Provided material section start

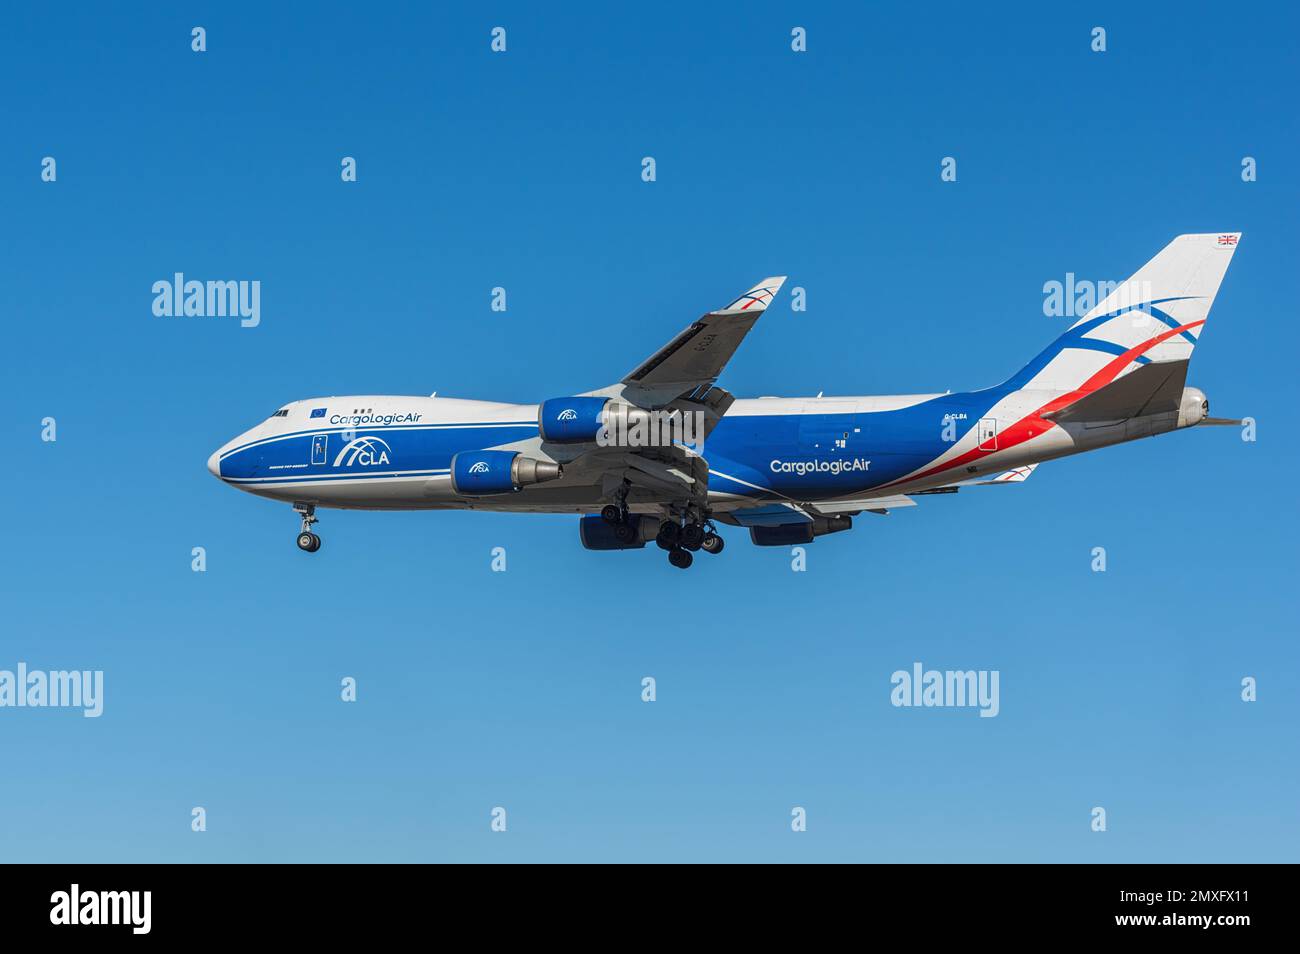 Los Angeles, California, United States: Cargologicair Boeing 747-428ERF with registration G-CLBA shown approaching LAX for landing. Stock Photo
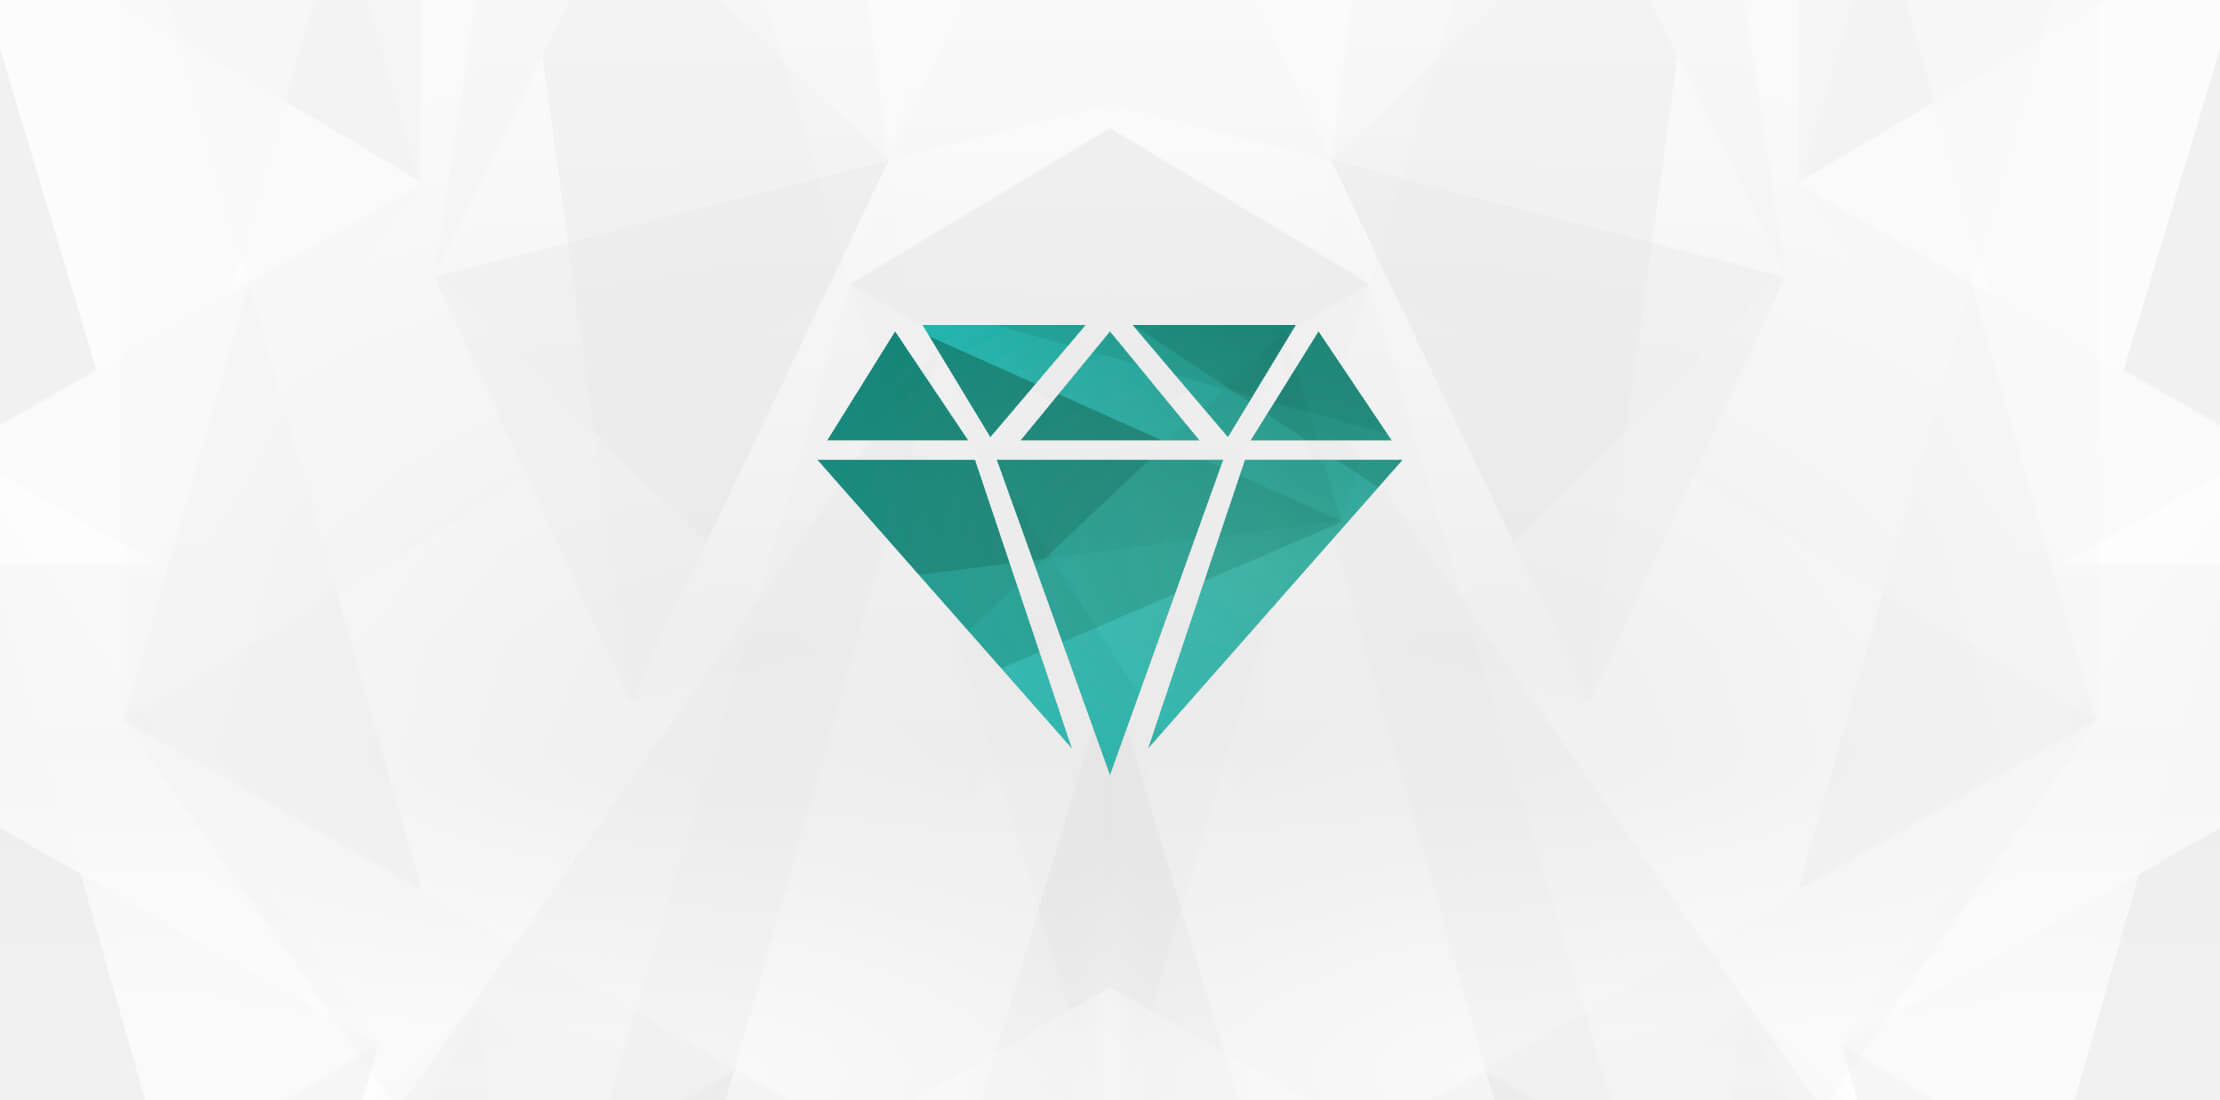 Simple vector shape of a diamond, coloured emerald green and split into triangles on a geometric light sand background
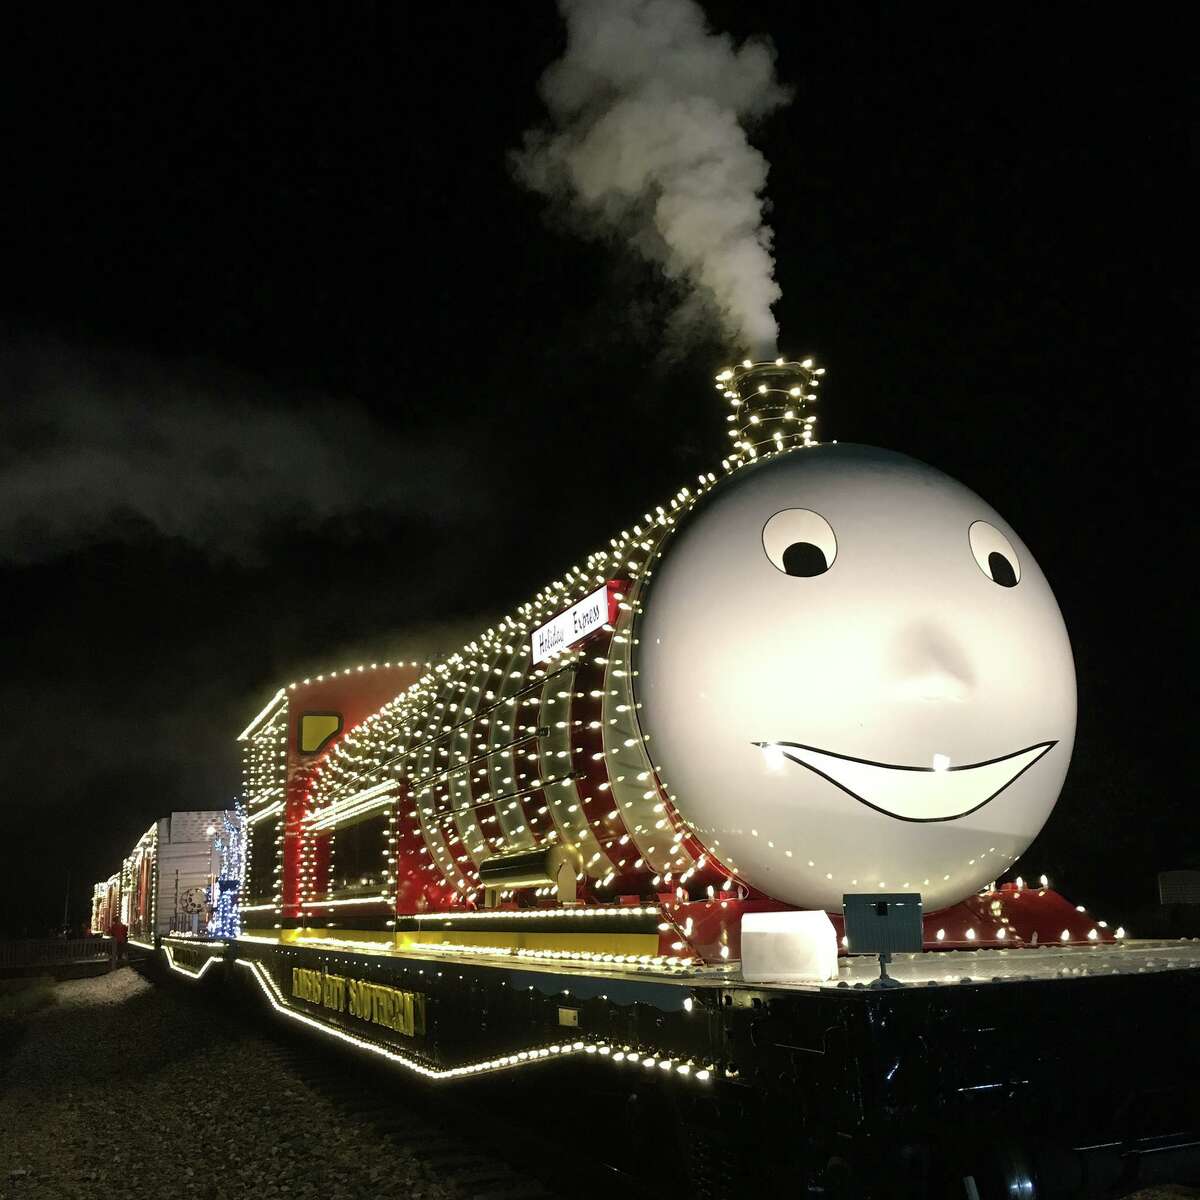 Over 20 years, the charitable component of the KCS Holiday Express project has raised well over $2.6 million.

Provided material section end

Work to complete — Pictures excluded, write out exactly and only the lines of the material from the one containing "Simple vector shape" up to and including the last line.

Problem solution —
 Simple vector shape of a diamond, coloured emerald green and split into triangles on a geometric light sand background
 Over 20 years, the charitable component of the KCS Holiday Express project has raised well over $2.6 million.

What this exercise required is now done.